To transition between the sky and the ground I use a simple linear fade to black at the horizon. The sky uses a form of biplanar mapping over an hemisphere.

The final result is pretty impressive considering the extreme simplicity of it, I was surprised by how it turned out, even better than I expected

Collision detection

The main idea here is: reuse the same code to do shadows, render the world, and do collision detection, without any additional data structure (BSP or BVH) that would have added a lot of complexity (especially for moving object).

To make the game fit in the little space available, and considering that the only thing that really need collision detection is the player, I decided to try to implement something a bit unorthodox: I am using the GPU to do the collision detection, by rendering the world from the point of view of the player (from two axis aligned quads, front and back), encoding in the output the distance to the nearest surface and the model Id of the surface where the player is walking on in a texture that i read with readPixels.

I and Ben used a very similar technique before in the game Island Not Found, however since the geometry there was defined using SDF in the fragment shader, was easy to compute the distance to the nearest geometry from an entire cylinder in a single texture and with great accuracy.
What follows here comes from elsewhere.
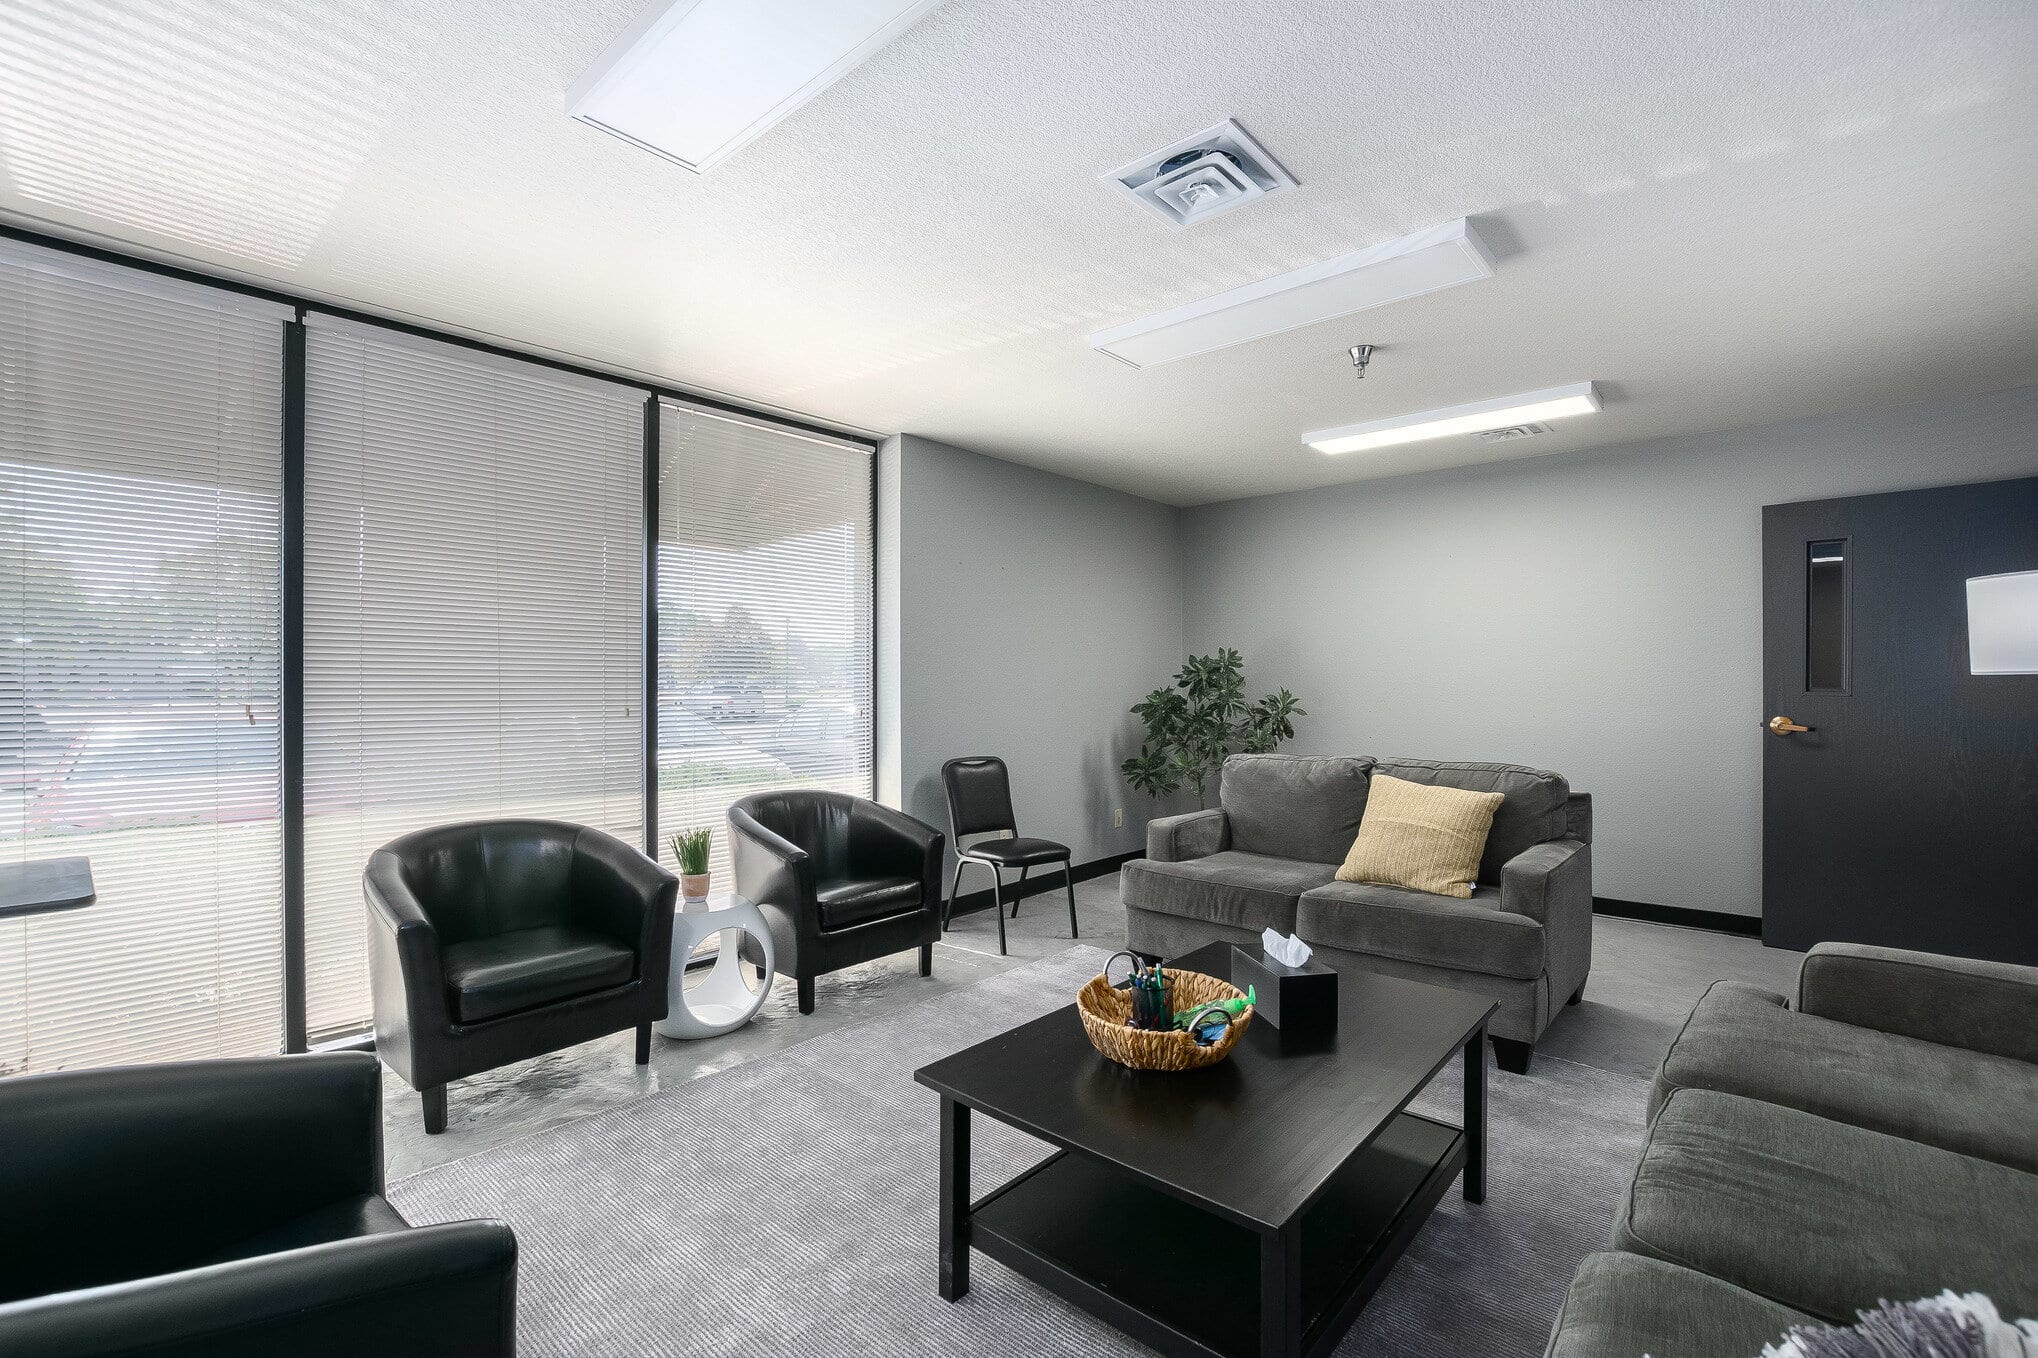 Office waiting room with black chairs and large windows

That is of course not possible with classic rasterization - with SDF is easy to curve the space, with rasterization only homogeneous transformations can be used, so two textures are needed to cover 360 degrees and the result of the distance calculation is much more "imprecise".
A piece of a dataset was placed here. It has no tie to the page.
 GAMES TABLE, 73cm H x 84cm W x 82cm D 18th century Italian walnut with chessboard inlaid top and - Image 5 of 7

The idea however is simple - push the player in the opposite direction if the distance to something is less than the player radius. Push the player up if the distance to the ground is less than the player height. It required however a lot of trial and error to find the right constants and adjust the calculations to make it work. Is not perfect, but it works well enough for this game, both in platformer view and first person view.
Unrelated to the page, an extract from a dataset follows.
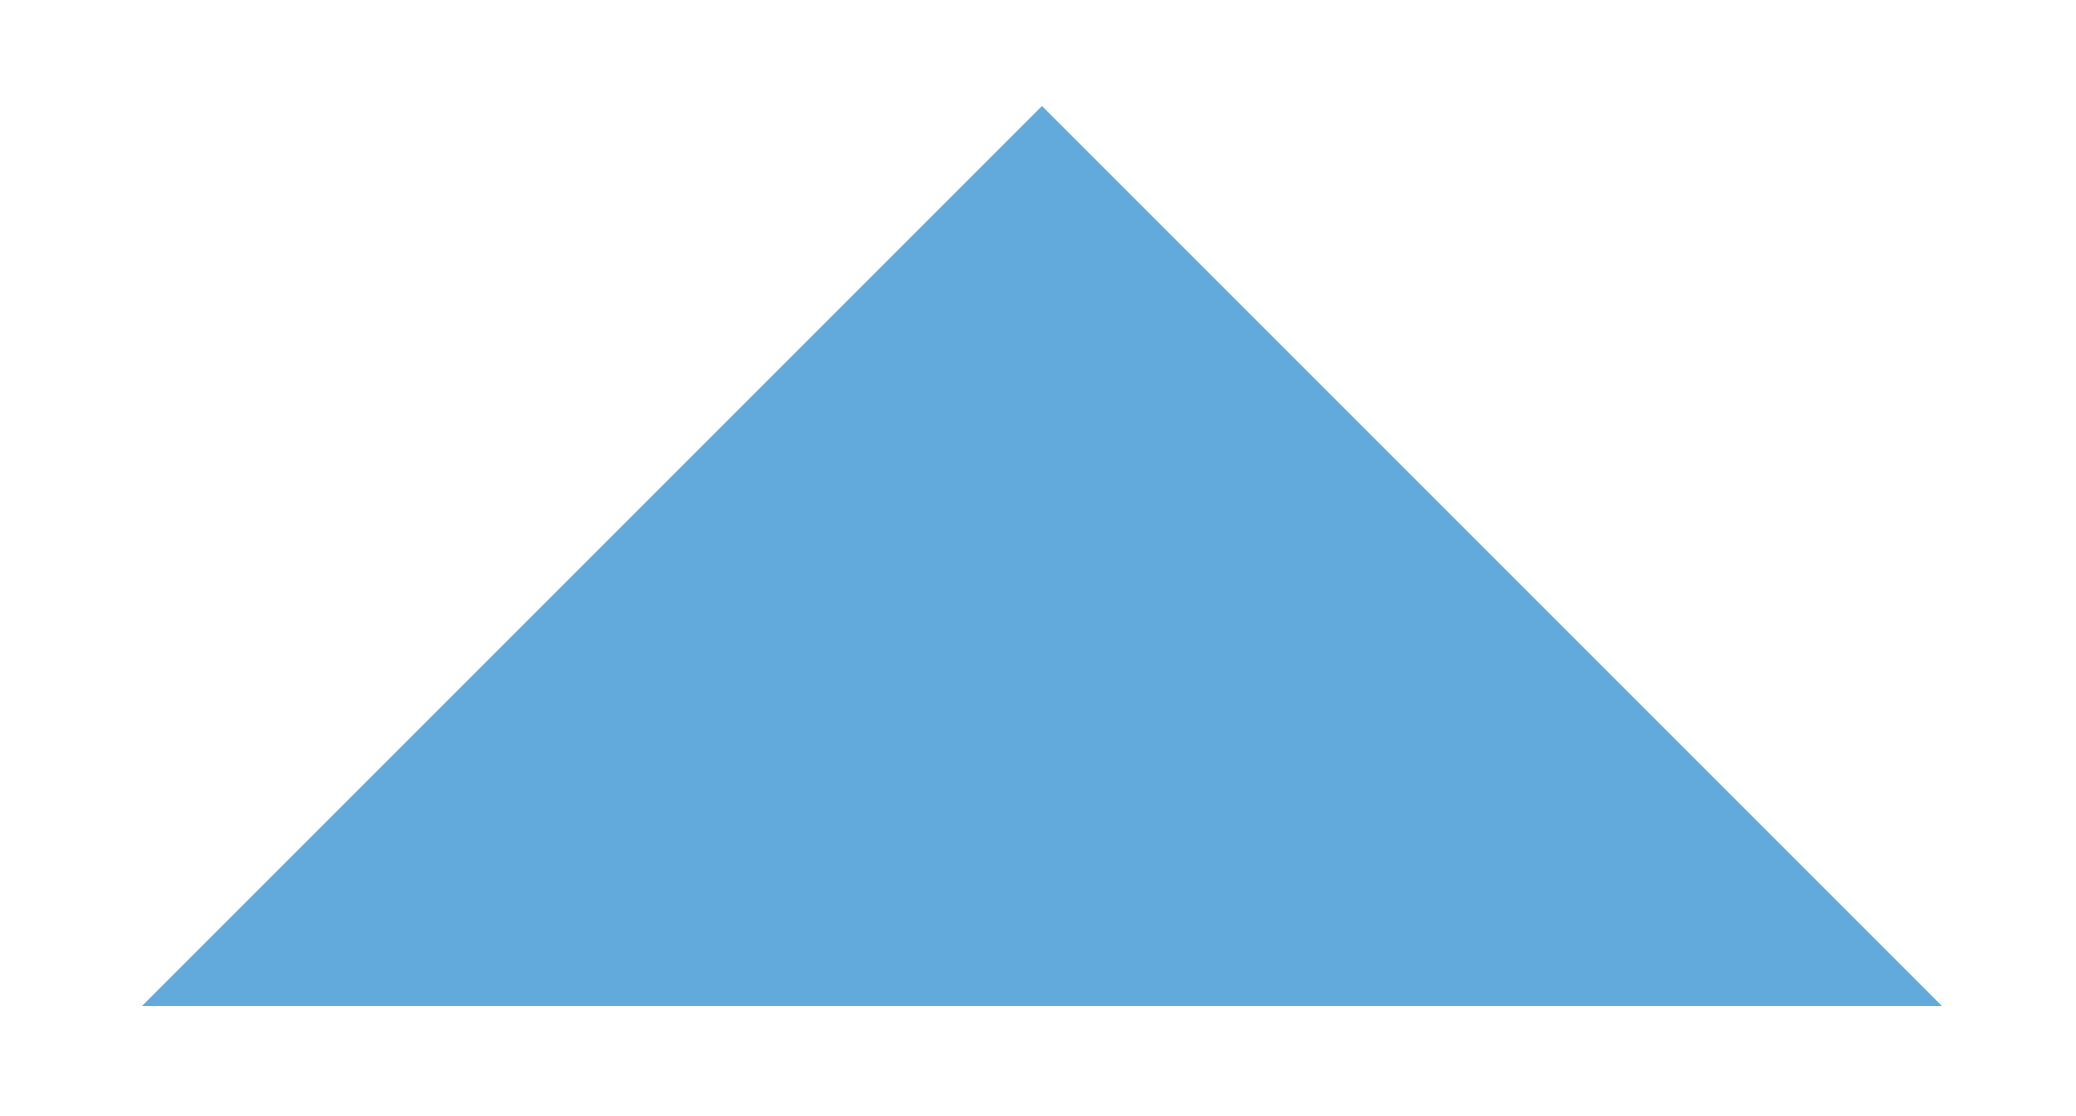 Example of Drawing Triangles with CSS

One big issue of this approach is that readPixel is very slow, is a blocking operation! It stalls both CPU and GPU, blocking the main thread. Since this is required at every frame update, the asynchronous version of readPixel would have not worked, because is usually some frames behind. I needed the synchronous version. ReadPixels requires that all the queue of commands to the GPU are flushed and complete (glFinish) and it blocks the main thread until everything is executed and ready to be transferred back from the GPU.

However first implementation tried to use the same canvas, and this was causing big delays and slow downs in older machines.

While I was constantly hitting 120fps on the M1 Mac on Chrome and Firefox, older machines were indeed suffering quite a bit.

I tried to refactor the code many times until I finally had the idea to use a second canvas to do collision detection, and this changed everything. The idea is that by using a second canvas, I have two differents command queues to the GPU that can finish in different times and run in parallel. This does not only increase the parallelism and makes readPixels faster, this also reduced the amount of state changes required to render the world and the collision: I do not switch or change of the WebGL context or the shader that renders collision. With OpenGL, and so with Webgl2, every state change has a big cost, something that will improved with WebGPU when will be ready.

Luckily both Chrome and Firefox provide great developer tools, so is easy to profile and capture and detailed information of calls duration, GPU stalls and GPU rendering time. This was really helpful to optimize everything.

Performance optimizations, instancing, batching

The first implementation of Dante was not really optimal in terms of speed. I was using a single draw call for every model, every lever, every soul.

Since everything has to be rendered multiple times (2 times for the shadows, 2 times for the collision, 1 time for rendering) the number of draw calls was very high.

The solution to this was to use batching and instancing.

Batching

Vertex shader source code here.

There is a big uniform buffer that contains all the transformations of all the objects in the world. This buffer is updated once every frame per canvas.

I assign a modelId to every vertex in the scene, writing it in the W component of the vertex position. This is required by the collision shader to see where the player is walking on and is also used to fetch the right transformation from the big uniform array.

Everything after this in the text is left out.